Attempts to extract a file path from the streaming write using reflection, creates a DatasetIdentifier from the URI via PathUtils.fromURI, and builds an OutputDataset with the schema taken from the write query.

extractPathFromStreamingWrite

private Optional<String> extractPathFromStreamingWrite(StreamingWrite streamingWrite)

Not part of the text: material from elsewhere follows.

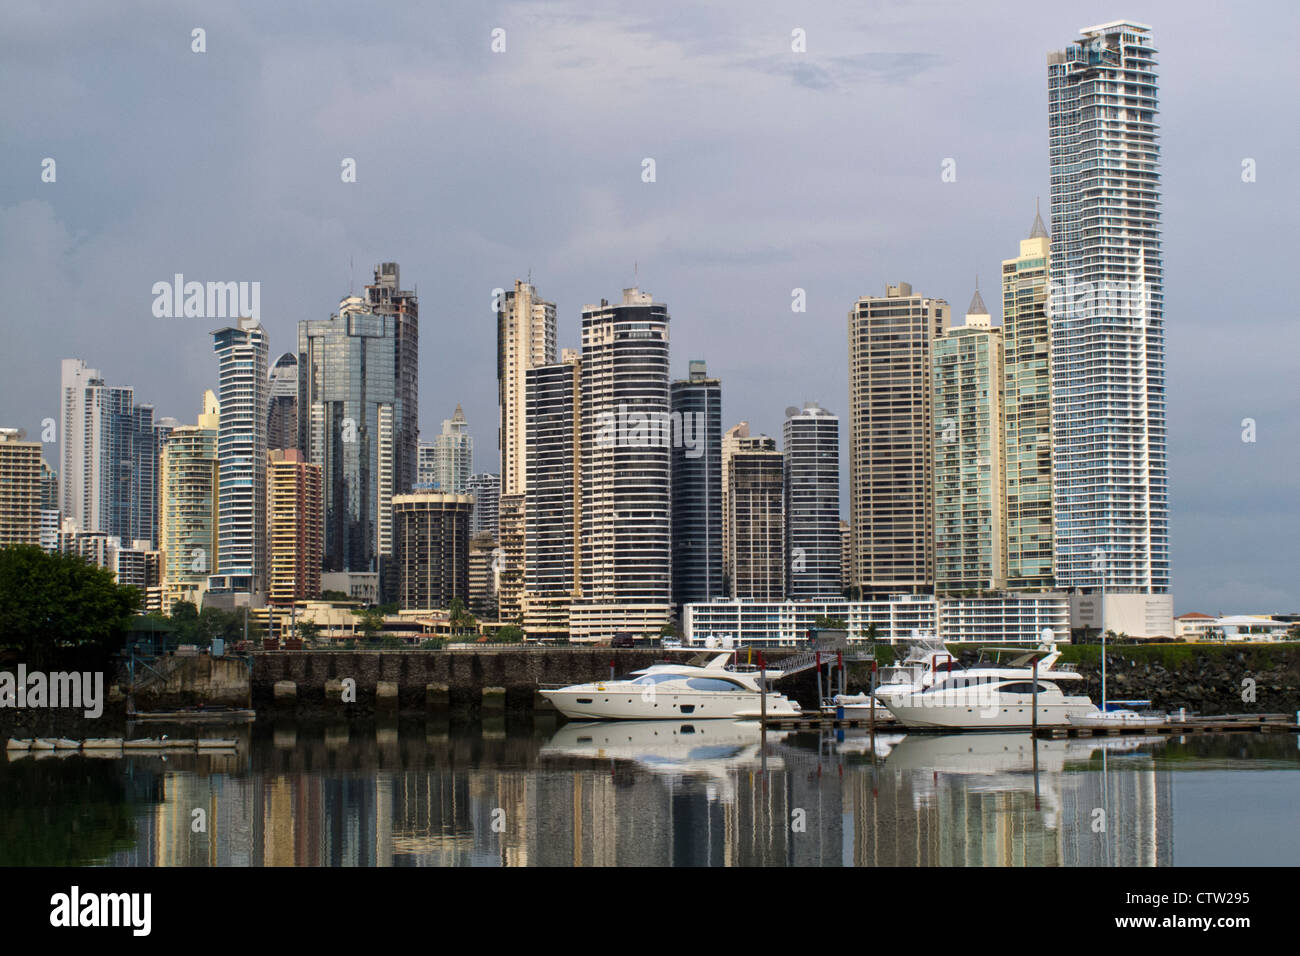 Vista general del rascacielos / skyline con bay / vista al agua y los barcos, Ciudad de Panamá, Panamá Foto de stock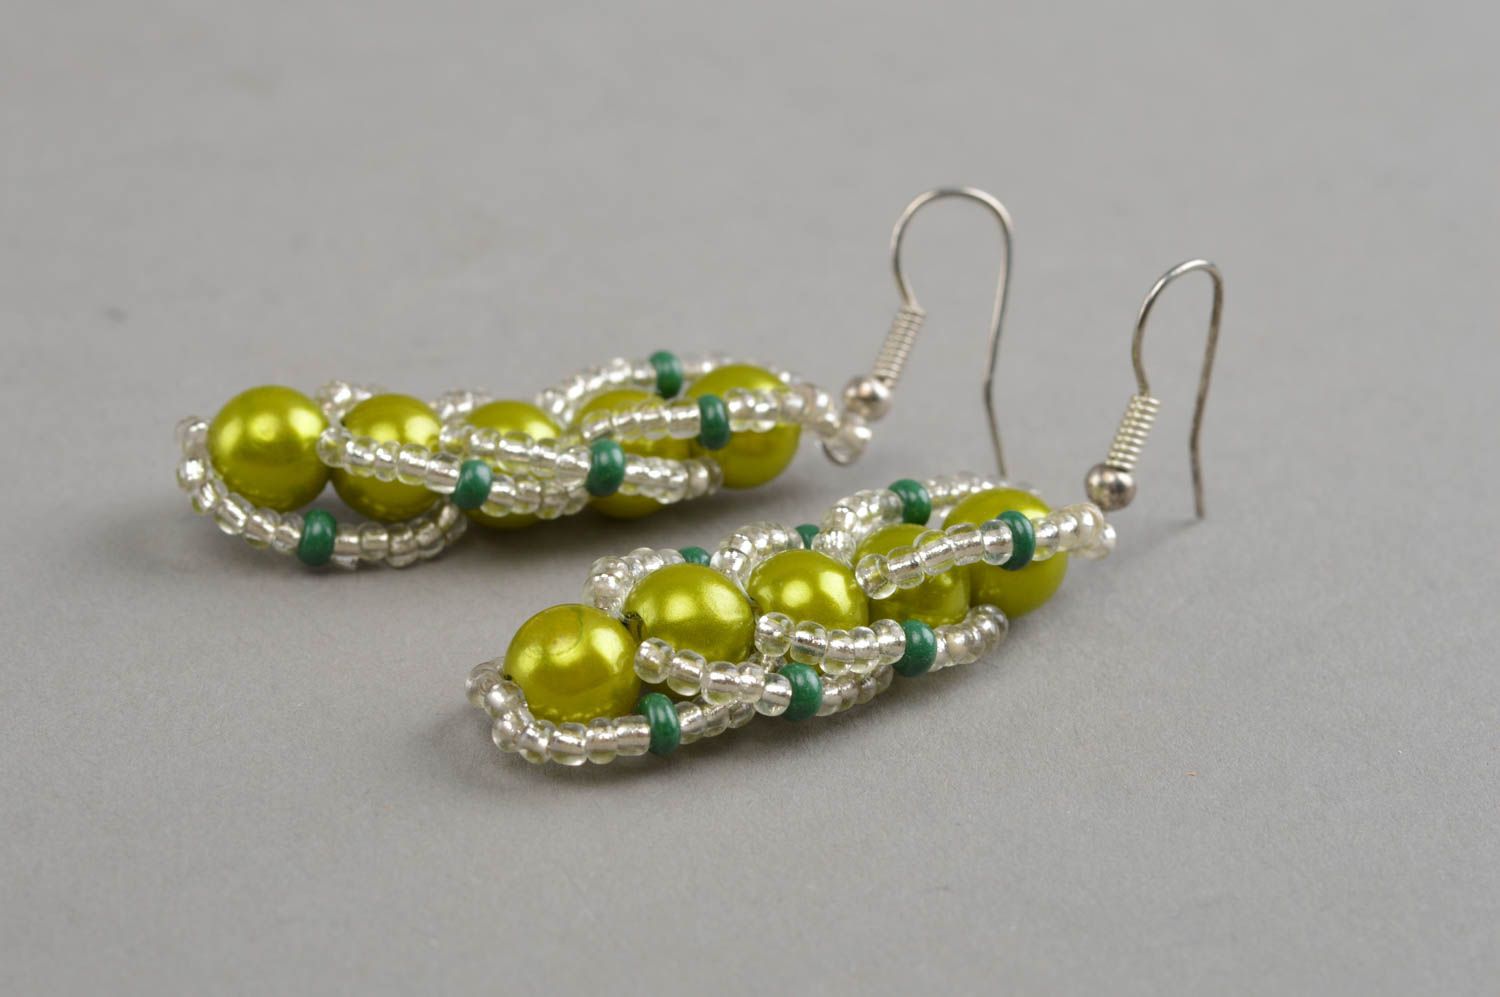 Stylish handmade beaded earrings designer earrings woven of beads gift ideas photo 3

Dispatches path extraction to specialized methods based on the streaming write class name:

tryExtractPathFromForeachBatch - returns empty (lineage captured from batch operations)
tryExtractPathFromFileSink - tries fields path, outputPath, location via reflection
Console sinks return "console://output"

Inner Class: KafkaStreamWriteProxy

@Slf4j
private static final class KafkaStreamWriteProxy {

A reflection-based proxy around Kafka's KafkaStreamingWrite class. Exposes:

getTopic() - reads the topic field (Scala Option<String>)
getSchema() - reads the schema field (StructType)
getBootstrapServers() - reads producerParams map and extracts bootstrap.servers

I/O Contract

Direction	Type	Description
Input	`LogicalPlan` (specifically `WriteToDataSourceV2`)	A Spark logical plan node representing a V2 data source write in a streaming micro-batch.
Input	`OpenLineageContext`	Context with OpenLineage client, Spark context, and dataset factory methods.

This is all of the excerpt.